Move over Plan B

 

I am a uni drop out again. I enrolled in a masters of social work in a hope to find some certainty to that perennial ‘what do you do‘ question in this far from sure world.  There’s dysfunction dripping thus demand for social workers is high and I wanted to find a ‘secure’ profession.

But life had a trail of little wakeup calls. I was shaking after a colleague downloaded about her abusive boyfriend and hearing yet another stress leave story, found me in bed contemplating:

What is driving this decision? And for whom am I doing it?

I am a slow learner. It takes me several times around the block over the same terrain for things to become clear. This current vocational plan (there has been many..) is yet another time I’ve placed onus on Plan B as a protection from owning up to my true desires, Plan A. It gets exhausting trying to hoodwink your soul. This conflict is something many artistic creatures face as following your passion in the arts is a hard, bloody road, not helped by society perpetually questioning its relevance, legitimacy and economic prospects.

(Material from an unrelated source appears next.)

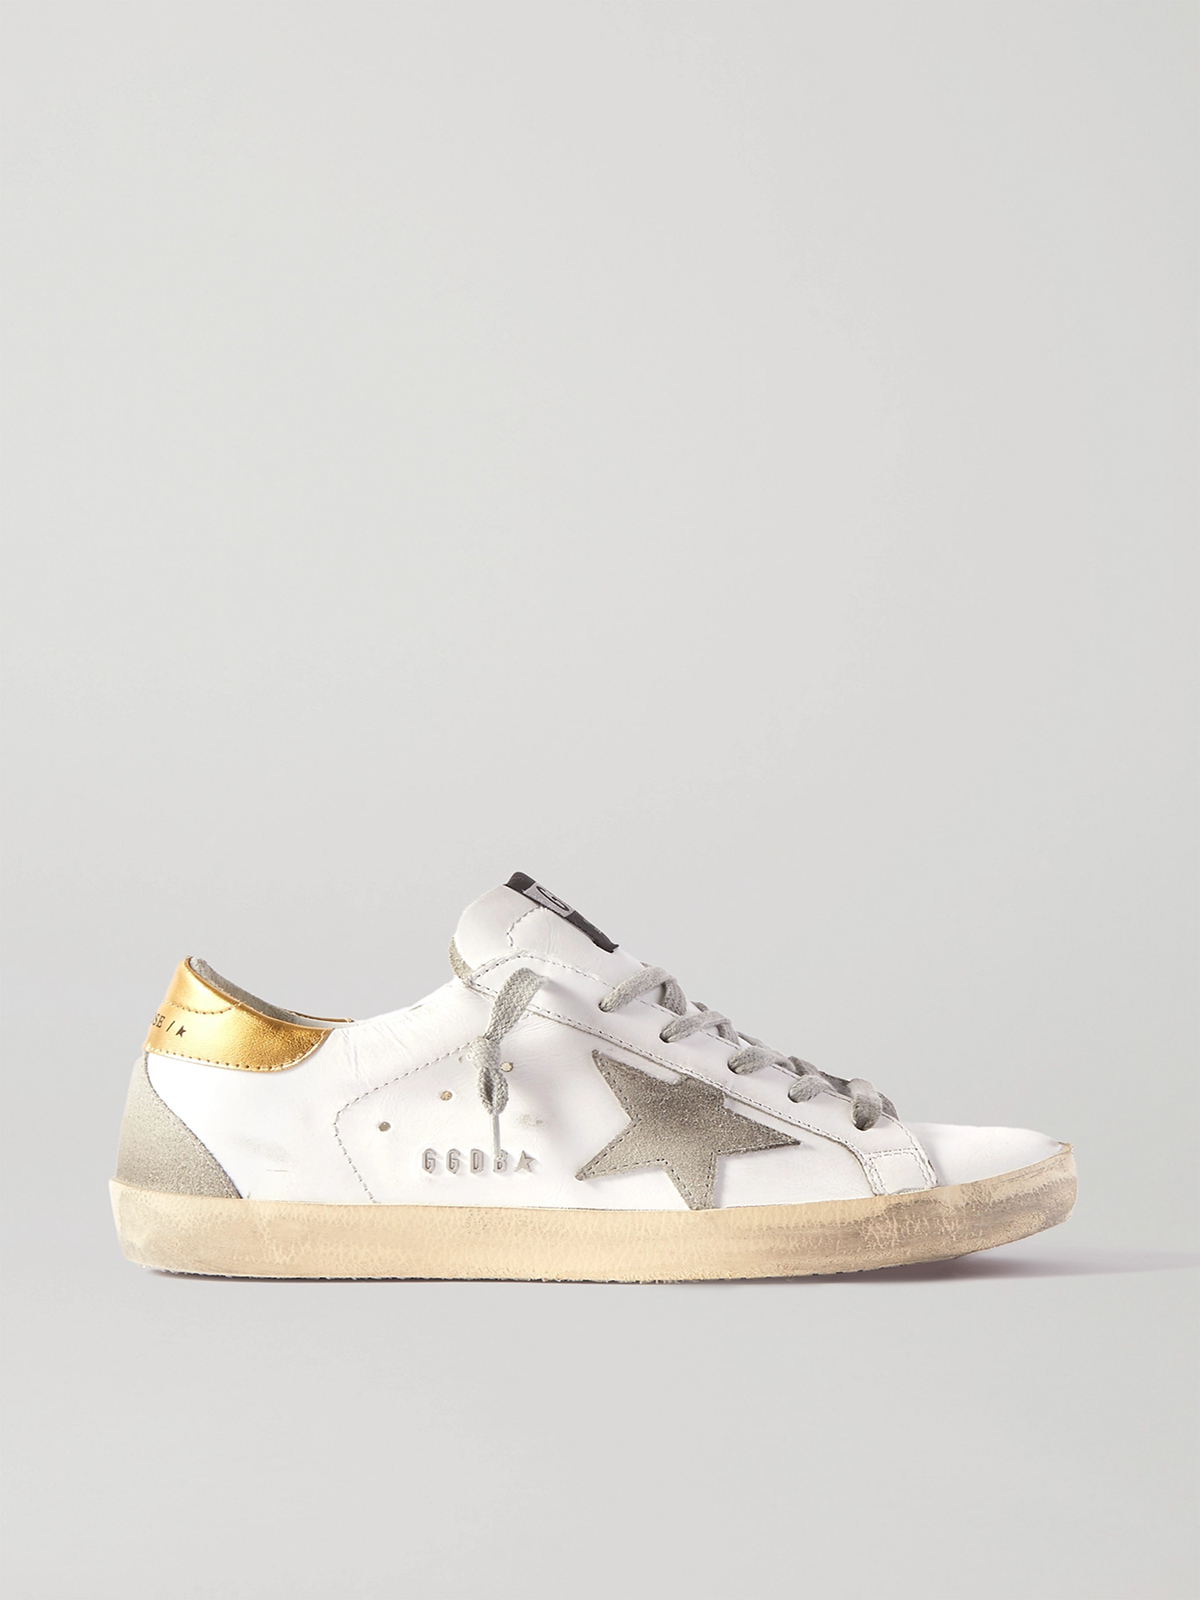 golden goose sneakers distressed leather Superstar and suede

But is it really a choice?

I lay there quietly asking the deeper parts of myself, and the answer was no.

After years of feeling like I need to find a career- an answer tied up with a pretty bow,  it was there all the time.  When I stood at the photocopier at my graduate job for a multinational, a poem licked my face. From the recovering heroin addict with a PhD in mathematics who helped change a flat tyre on my courier bike to the elderly lady who asked me (a support worker) to collude with her by hurriedly changing her spotted blood dressing gown so she could look ‘put together’ before the resident nurse came to do an in home assessment, stories have coloured my life. As I tidied away the decay in her Mosman apartment, we chatted early days at Women’s Weekly, her role as editor and laughed about the wickedness of life. I stood poker faced when asked if she was fit enough to remain living alone. Later I got a call from Deirdre’s son with a heartfelt thank you and news that she passed away peacefully in her own home weeks later.

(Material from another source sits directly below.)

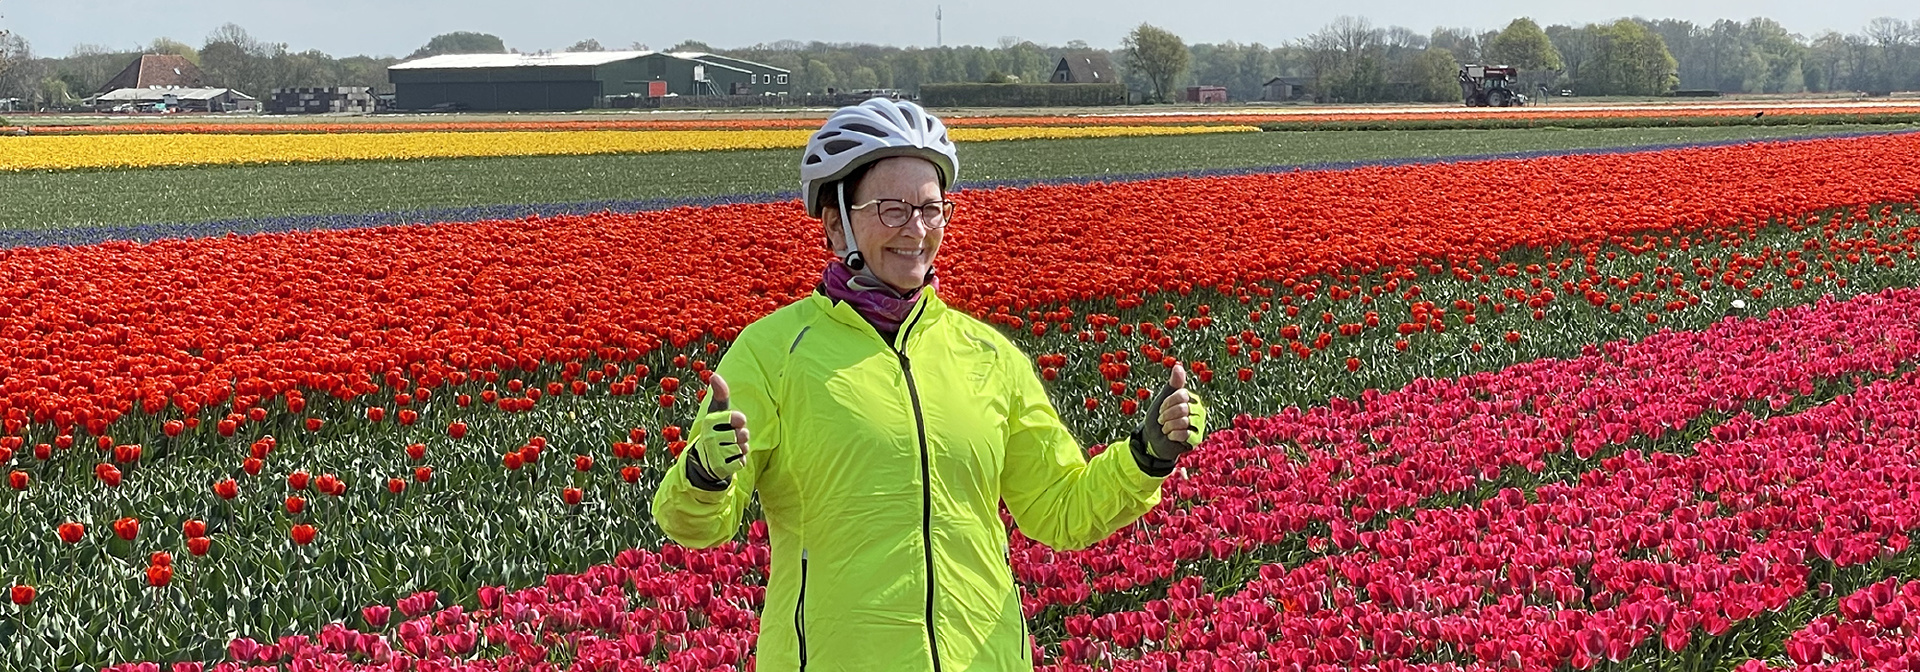 Netherlands Sail & Cycle Tulip Tour

I remember being asked ‘What do you want to be?’ upon graduating from high school for our school magazine. With ‘unthinking’ speed I answered

A constant Kombie cruiser

I have lived up to that. I have found by seeking new places, experiences, jobs and people- I find endless material, stimulation and variety that feeds my writing. Not good for a CV per se but when you are called to write and reflect on what you see in the world, you can’t turn it off.  Where do you learn how to be a writer? Yes you can do university and always get something out of it. But the qualitative research comes from living life. And maybe that’s what I have actually been doing, even when I felt I was ‘failing’ at this career game.

In Maleny, I am waiting tables, gathering dialogue and indulging in voyeurism. Chatting with customers and asking questions to tap into threads that hold opinions together. Moments that may find another life one day now I’ve fired Plan B.

I’m sitting here naked ready for Plan A-rse in the chair work of dancing whispering ghosts with grit under my keyboard.

Wish me luck and thanks for reading thus far.